** Opening Supplied entries block **

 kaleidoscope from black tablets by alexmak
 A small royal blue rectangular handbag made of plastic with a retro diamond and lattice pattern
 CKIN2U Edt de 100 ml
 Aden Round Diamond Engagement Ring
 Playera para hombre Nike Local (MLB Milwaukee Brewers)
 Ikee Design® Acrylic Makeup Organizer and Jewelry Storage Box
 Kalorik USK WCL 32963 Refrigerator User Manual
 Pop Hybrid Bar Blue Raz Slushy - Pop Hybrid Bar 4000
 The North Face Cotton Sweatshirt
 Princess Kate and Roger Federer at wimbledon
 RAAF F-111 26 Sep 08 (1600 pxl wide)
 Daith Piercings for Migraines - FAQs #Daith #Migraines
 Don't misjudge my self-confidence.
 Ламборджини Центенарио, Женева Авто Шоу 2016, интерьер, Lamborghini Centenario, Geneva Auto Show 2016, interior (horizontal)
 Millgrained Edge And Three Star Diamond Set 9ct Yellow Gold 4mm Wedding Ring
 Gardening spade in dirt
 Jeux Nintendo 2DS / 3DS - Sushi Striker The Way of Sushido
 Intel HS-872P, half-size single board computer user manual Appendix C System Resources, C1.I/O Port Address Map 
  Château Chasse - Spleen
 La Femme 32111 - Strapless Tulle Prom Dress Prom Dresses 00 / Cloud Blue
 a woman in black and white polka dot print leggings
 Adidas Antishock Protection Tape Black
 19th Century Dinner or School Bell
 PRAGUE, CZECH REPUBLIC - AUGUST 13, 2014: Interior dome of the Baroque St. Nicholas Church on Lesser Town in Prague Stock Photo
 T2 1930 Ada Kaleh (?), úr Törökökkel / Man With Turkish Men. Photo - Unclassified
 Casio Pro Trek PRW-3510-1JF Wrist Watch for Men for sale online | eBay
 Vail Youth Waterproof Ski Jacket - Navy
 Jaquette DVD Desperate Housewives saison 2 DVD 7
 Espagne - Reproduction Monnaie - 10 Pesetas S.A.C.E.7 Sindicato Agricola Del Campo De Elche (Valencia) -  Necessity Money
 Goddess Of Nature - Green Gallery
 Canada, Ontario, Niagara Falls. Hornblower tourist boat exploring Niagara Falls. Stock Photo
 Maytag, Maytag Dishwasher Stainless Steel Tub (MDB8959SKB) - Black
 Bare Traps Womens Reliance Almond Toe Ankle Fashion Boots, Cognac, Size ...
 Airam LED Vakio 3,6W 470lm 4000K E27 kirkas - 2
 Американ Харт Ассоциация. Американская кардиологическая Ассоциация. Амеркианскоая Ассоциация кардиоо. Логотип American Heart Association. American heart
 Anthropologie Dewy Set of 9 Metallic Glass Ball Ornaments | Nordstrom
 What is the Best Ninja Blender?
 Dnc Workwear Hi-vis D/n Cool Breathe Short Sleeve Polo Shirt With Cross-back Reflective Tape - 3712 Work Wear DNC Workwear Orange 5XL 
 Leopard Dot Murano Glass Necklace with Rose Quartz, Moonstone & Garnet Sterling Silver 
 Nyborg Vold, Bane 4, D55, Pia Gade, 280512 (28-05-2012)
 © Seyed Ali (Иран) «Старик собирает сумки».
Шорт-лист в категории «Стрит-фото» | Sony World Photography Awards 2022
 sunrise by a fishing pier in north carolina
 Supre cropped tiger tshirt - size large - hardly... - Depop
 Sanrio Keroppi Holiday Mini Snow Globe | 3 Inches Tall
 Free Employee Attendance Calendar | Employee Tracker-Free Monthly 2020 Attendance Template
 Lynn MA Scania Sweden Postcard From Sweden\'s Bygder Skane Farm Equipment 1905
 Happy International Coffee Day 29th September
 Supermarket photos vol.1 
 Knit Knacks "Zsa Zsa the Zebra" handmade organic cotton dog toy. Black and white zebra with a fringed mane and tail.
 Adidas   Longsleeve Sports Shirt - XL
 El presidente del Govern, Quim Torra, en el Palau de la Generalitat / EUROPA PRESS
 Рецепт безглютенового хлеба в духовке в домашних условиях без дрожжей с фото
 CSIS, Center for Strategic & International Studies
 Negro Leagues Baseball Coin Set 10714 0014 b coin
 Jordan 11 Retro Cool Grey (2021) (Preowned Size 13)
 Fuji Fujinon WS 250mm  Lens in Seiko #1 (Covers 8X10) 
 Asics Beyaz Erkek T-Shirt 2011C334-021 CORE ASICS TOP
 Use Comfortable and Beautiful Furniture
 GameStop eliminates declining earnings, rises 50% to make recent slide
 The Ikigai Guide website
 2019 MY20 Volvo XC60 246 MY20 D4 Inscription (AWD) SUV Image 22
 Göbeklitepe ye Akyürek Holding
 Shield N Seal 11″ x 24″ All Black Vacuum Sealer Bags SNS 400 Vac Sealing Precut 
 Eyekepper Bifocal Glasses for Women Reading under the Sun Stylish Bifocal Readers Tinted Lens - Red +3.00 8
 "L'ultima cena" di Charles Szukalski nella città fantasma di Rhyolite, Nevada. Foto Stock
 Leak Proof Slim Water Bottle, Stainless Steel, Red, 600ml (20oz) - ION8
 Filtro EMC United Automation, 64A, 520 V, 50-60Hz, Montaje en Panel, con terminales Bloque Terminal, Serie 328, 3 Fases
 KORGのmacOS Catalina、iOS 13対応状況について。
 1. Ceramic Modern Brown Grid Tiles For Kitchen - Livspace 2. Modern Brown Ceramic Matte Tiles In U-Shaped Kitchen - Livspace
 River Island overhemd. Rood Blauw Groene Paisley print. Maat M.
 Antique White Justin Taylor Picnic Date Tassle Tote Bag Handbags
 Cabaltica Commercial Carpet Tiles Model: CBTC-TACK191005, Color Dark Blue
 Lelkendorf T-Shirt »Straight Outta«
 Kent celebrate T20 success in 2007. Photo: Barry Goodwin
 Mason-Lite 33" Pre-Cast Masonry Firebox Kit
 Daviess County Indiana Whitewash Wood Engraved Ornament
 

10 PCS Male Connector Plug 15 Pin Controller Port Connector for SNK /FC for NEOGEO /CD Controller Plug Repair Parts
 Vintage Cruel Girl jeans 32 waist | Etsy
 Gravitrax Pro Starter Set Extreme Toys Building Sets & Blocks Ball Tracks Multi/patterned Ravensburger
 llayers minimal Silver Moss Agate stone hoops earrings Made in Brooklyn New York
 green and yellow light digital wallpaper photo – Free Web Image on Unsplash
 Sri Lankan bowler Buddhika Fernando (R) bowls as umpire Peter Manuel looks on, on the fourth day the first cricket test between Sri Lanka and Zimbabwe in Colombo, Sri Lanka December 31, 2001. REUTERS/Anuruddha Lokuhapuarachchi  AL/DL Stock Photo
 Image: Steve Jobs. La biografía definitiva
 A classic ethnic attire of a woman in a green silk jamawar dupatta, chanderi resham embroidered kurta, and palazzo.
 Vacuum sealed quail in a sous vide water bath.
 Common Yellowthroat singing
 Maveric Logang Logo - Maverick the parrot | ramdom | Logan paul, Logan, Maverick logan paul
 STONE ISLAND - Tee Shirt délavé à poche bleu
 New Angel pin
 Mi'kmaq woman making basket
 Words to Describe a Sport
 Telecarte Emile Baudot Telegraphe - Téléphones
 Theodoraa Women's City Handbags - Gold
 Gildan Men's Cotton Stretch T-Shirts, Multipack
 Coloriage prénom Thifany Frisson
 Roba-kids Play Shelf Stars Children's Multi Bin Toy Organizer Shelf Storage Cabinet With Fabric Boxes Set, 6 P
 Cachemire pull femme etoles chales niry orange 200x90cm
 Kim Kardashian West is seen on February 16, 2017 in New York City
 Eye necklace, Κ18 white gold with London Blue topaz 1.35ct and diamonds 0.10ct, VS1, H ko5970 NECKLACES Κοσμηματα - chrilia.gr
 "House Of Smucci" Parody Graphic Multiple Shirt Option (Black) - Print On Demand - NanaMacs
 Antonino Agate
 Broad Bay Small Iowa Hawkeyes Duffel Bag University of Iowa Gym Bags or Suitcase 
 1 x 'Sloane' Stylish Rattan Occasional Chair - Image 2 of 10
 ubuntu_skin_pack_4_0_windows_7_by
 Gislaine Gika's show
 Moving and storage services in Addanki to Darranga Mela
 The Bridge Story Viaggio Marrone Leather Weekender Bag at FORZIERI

** Closing Supplied entries block **

:: Aim of the task ::
Look above for the line holding "Image: Steve Jobs. La biografía definitiva" and the line holding "Broad Bay Small". Retype both, and every line between them, word for word and nothing else.

:: Reply ::
 Image: Steve Jobs. La biografía definitiva
 A classic ethnic attire of a woman in a green silk jamawar dupatta, chanderi resham embroidered kurta, and palazzo.
 Vacuum sealed quail in a sous vide water bath.
 Common Yellowthroat singing
 Maveric Logang Logo - Maverick the parrot | ramdom | Logan paul, Logan, Maverick logan paul
 STONE ISLAND - Tee Shirt délavé à poche bleu
 New Angel pin
 Mi'kmaq woman making basket
 Words to Describe a Sport
 Telecarte Emile Baudot Telegraphe - Téléphones
 Theodoraa Women's City Handbags - Gold
 Gildan Men's Cotton Stretch T-Shirts, Multipack
 Coloriage prénom Thifany Frisson
 Roba-kids Play Shelf Stars Children's Multi Bin Toy Organizer Shelf Storage Cabinet With Fabric Boxes Set, 6 P
 Cachemire pull femme etoles chales niry orange 200x90cm
 Kim Kardashian West is seen on February 16, 2017 in New York City
 Eye necklace, Κ18 white gold with London Blue topaz 1.35ct and diamonds 0.10ct, VS1, H ko5970 NECKLACES Κοσμηματα - chrilia.gr
 "House Of Smucci" Parody Graphic Multiple Shirt Option (Black) - Print On Demand - NanaMacs
 Antonino Agate
 Broad Bay Small Iowa Hawkeyes Duffel Bag University of Iowa Gym Bags or Suitcase 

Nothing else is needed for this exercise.